The HRMS data is encoded across several files in a subdirectory named AcqData:
File |
Information |
|---|---|
MSScan.xsd |
File structure of MSScan.bin |
MSScan.bin |
Offsets, compression info, and the number of retention times |
MSMassCal.bin |
Calibration info for masses |
MSProfile.bin |
Mz and intensity values |
The number of retention times is obtained from MSScan.bin itself by reading its scan records until the end of the file (see below). Some acquisitions also include an MSTS.xml document whose NumOfScans elements sum to the same total, but rainbow does not require it. This matters because OpenLab .rslt/.sirslt result folders omit MSTS.xml.
<TimeSegment TimeSegmentID="2">
<StartTime>1.04351666666667</StartTime>
<EndTime>7.99746666666667</EndTime>
<NumOfScans>2095</NumOfScans>
<FixedCycleLength>0</FixedCycleLength>
</TimeSegment>
MSScan.xsd is an XML document that defines the structure of the MSScan.bin binary using elements that are assigned simple and complex types.

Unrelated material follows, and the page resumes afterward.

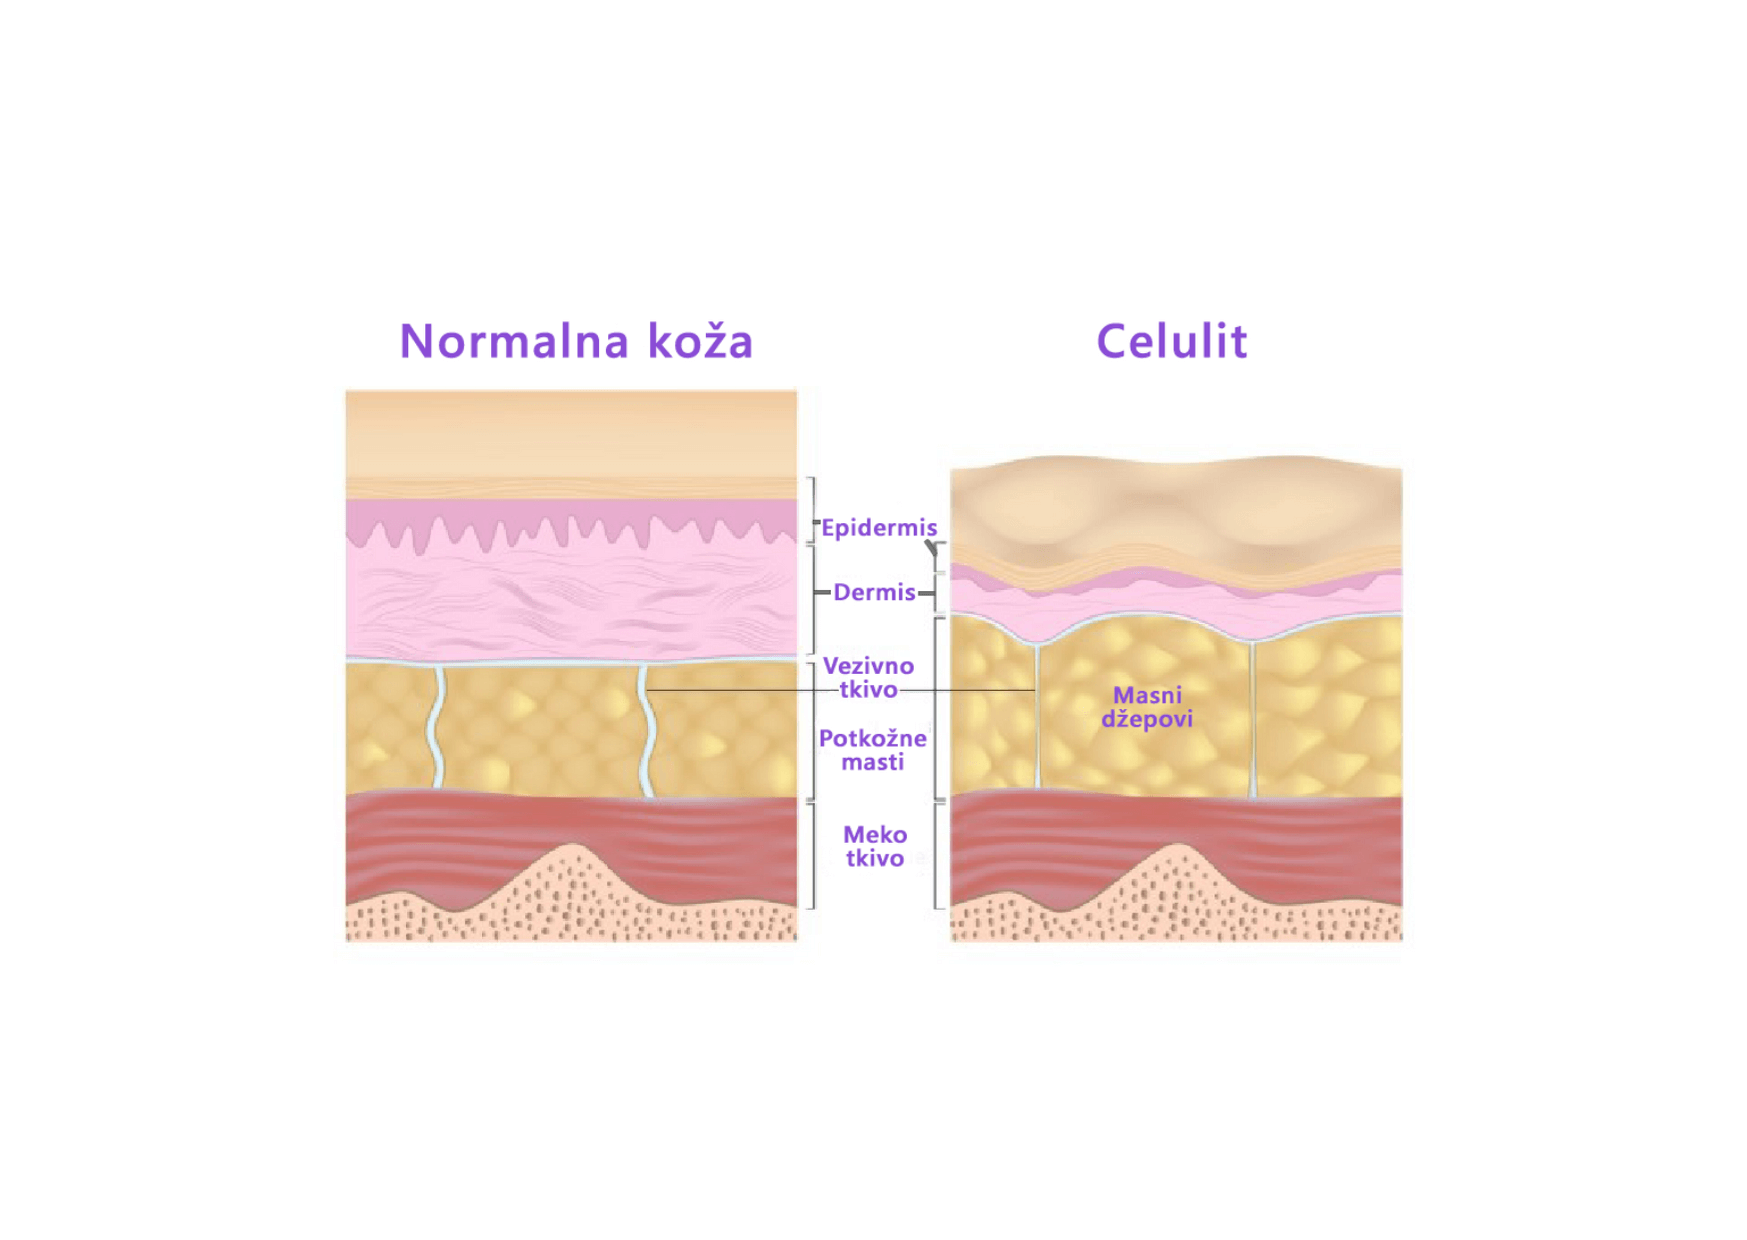 Celulit in normalna koža

A simple type translates directly into a little-endian number type. For example:
<xs:element name="TIC" type="xs:double"/>
A complex type is comprised of simple types and other complex types. The following example shows a heavily simplified version of a complex type that contains another complex type.
<xs:complexType name="ScanRecordType">
<xs:sequence>
<xs:element name="ScanTime" type="xs:double"/>
<xs:element name="SpectrumParamValues" type="SpectrumParamsType"/>
</xs:sequence>
</xs:complexType>
<xs:complexType name="SpectrumParamsType">
<xs:sequence>
<xs:element name="SpectrumOffset" type="xs:long"/>
<xs:element name="ByteCount" type="xs:int"/>
<xs:element name="PointCount" type="xs:int"/>
<xs:element name="UncompressedByteCount" type="xs:int"/>
</xs:sequence>
</xs:complexType>
The root type is the complex type ScanRecordType.
MSScan.bin is a binary that contains a data segment in the format defined by ScanRecordType for each retention time. A little-endian 4-byte offset at 0x58 points to the first data segment. The segments are contiguous and the file ends exactly on a segment boundary, so reading them until EOF gives the total number of retention times.
The simplified example above would correspond to the following data segment structure:
Purpose |
Data Type |
|---|---|
Retention time |
Double |
Offset of data in MSProfile.bin |
Unsigned long |
Length of compressed data segment |
Unsigned int |
Number of mz-intensity pairs |
Unsigned int |
Length of decompressed data segment |
Unsigned int |
Although it is a simplified example, the table above contains the key information about a MSProfile.bin binary that is stored in MSScan.bin.
MSMassCal.bin is a binary that contains a data segment of 10 little-endian doubles for each retention time, beginning at offset 0x4c. The first 2 doubles (coeff, base) are the “traditional” calibration numbers. The next 2 (left, right) are time-of-flight clip bounds and the final 6 are polynomial coefficients, used for the optional polynomial refinement described below.
MSProfile.bin stores a data segment for each retention time. Assume little-endianness.
Each data segment begins with 2 doubles that hold the smallest mz value and the mz delta value, before calibration. The resulting mz range may be unusable without calibration because the values can be very large.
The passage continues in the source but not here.